[Extracted records]
________________________________________
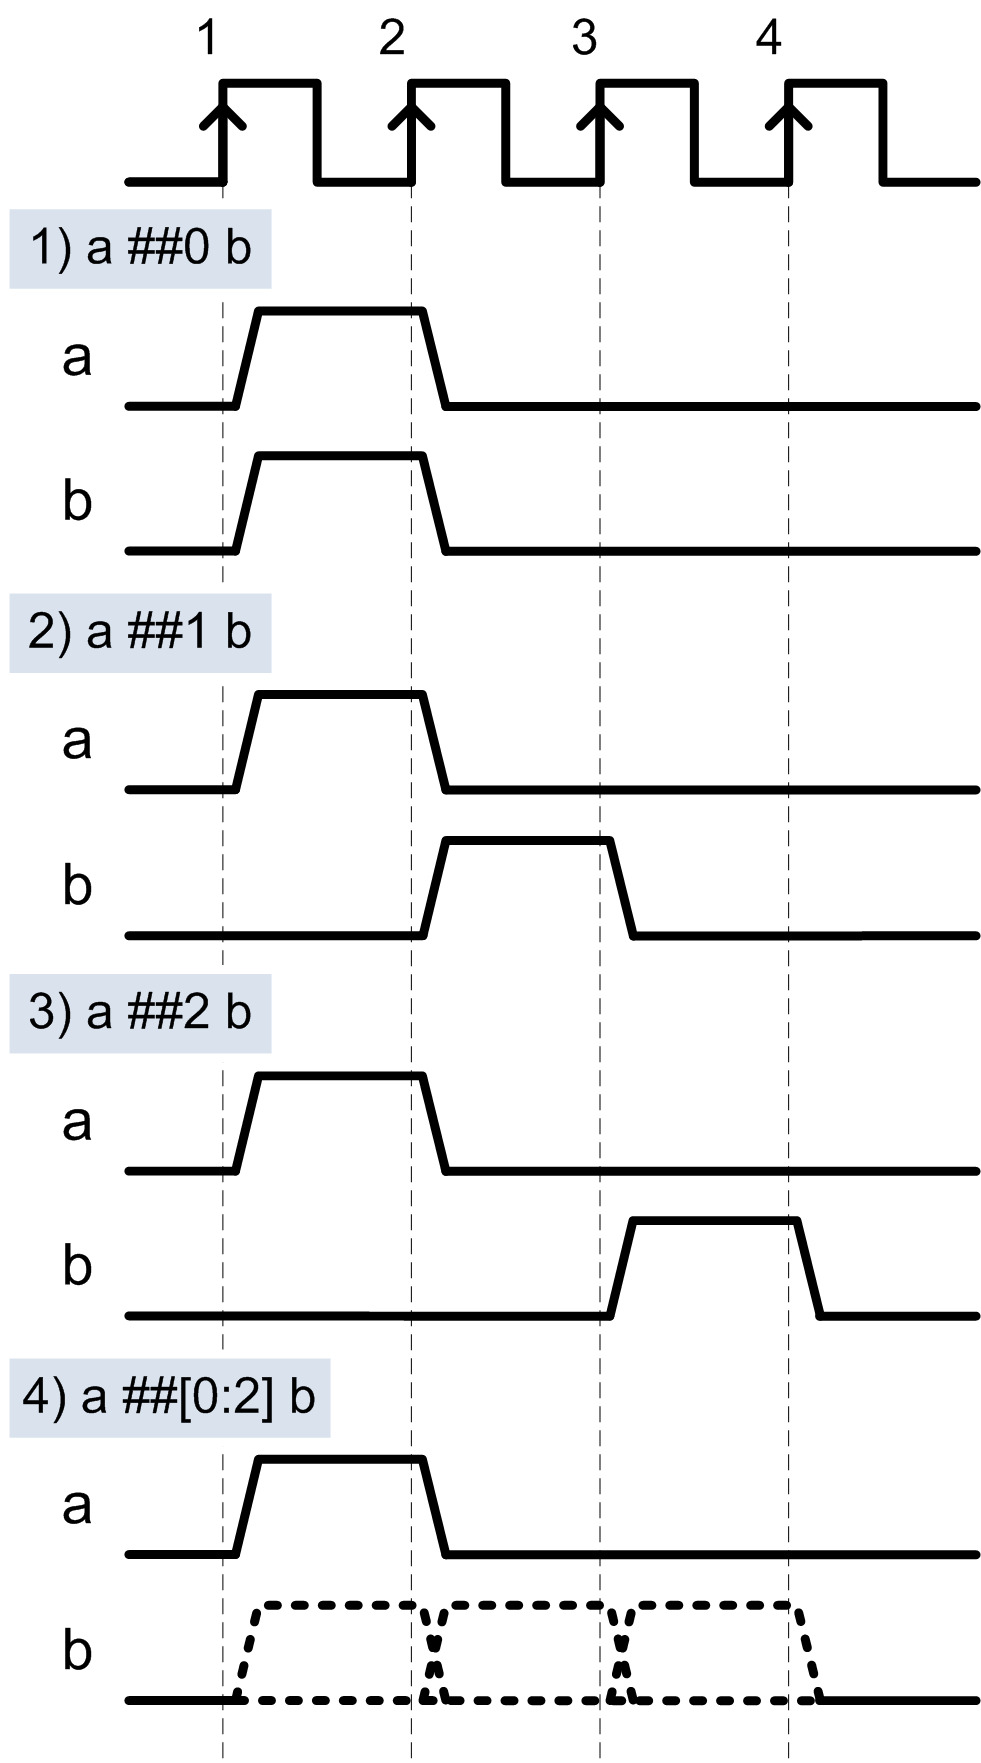 Рис. 5. 1) Сигнал «b» установится в ‘1’ в том же такте, что и сигнал «a». 2) Сигнал «b» 
	установится в ‘1’ на следующем	такте после «a». 3) Сигнал «b» установится в ‘1’ через 2 такта после «a». 
	4)	Сигнал «b» установится в ‘1’ в промежутке 0-2 тактов после «a» (данной последовательности удовлетворяет 
	любая из последовательностей 1)-3))
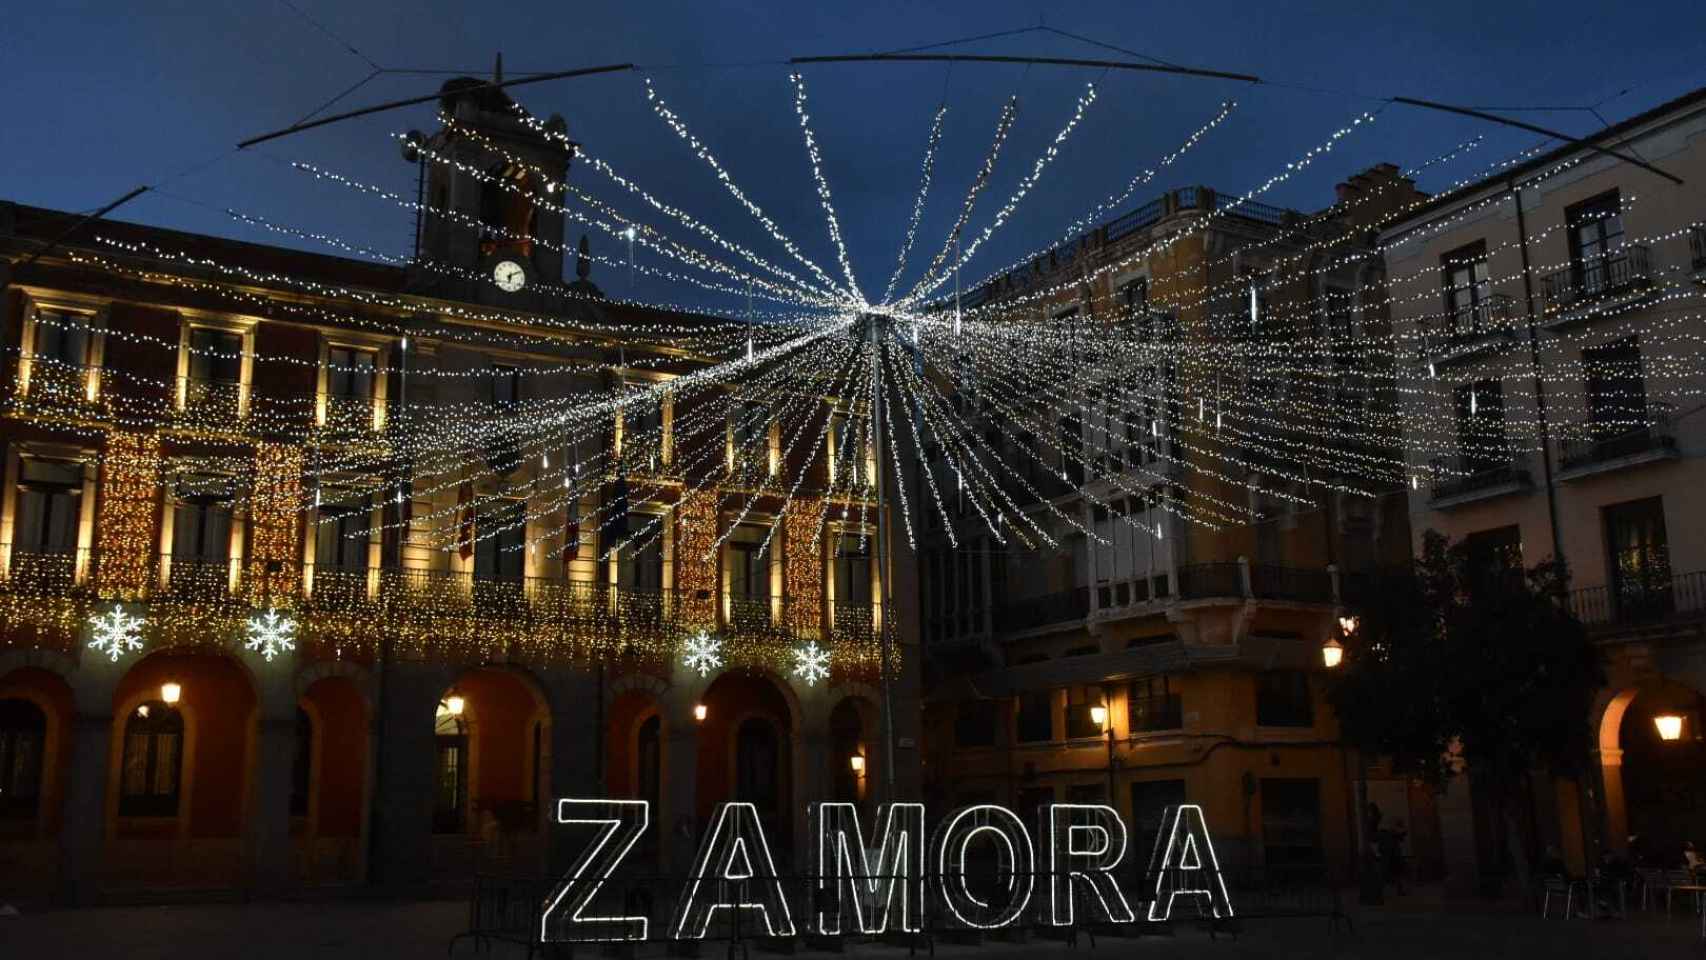 Iluminación navideña de Zamora
________________________________________
> [Aim of the task]: Go through the entries above and print each one exactly, minus the pictures.

> [Solution to this task]:
 Рис. 5. 1) Сигнал «b» установится в ‘1’ в том же такте, что и сигнал «a». 2) Сигнал «b» 
	установится в ‘1’ на следующем	такте после «a». 3) Сигнал «b» установится в ‘1’ через 2 такта после «a». 
	4)	Сигнал «b» установится в ‘1’ в промежутке 0-2 тактов после «a» (данной последовательности удовлетворяет 
	любая из последовательностей 1)-3))
 Iluminación navideña de Zamora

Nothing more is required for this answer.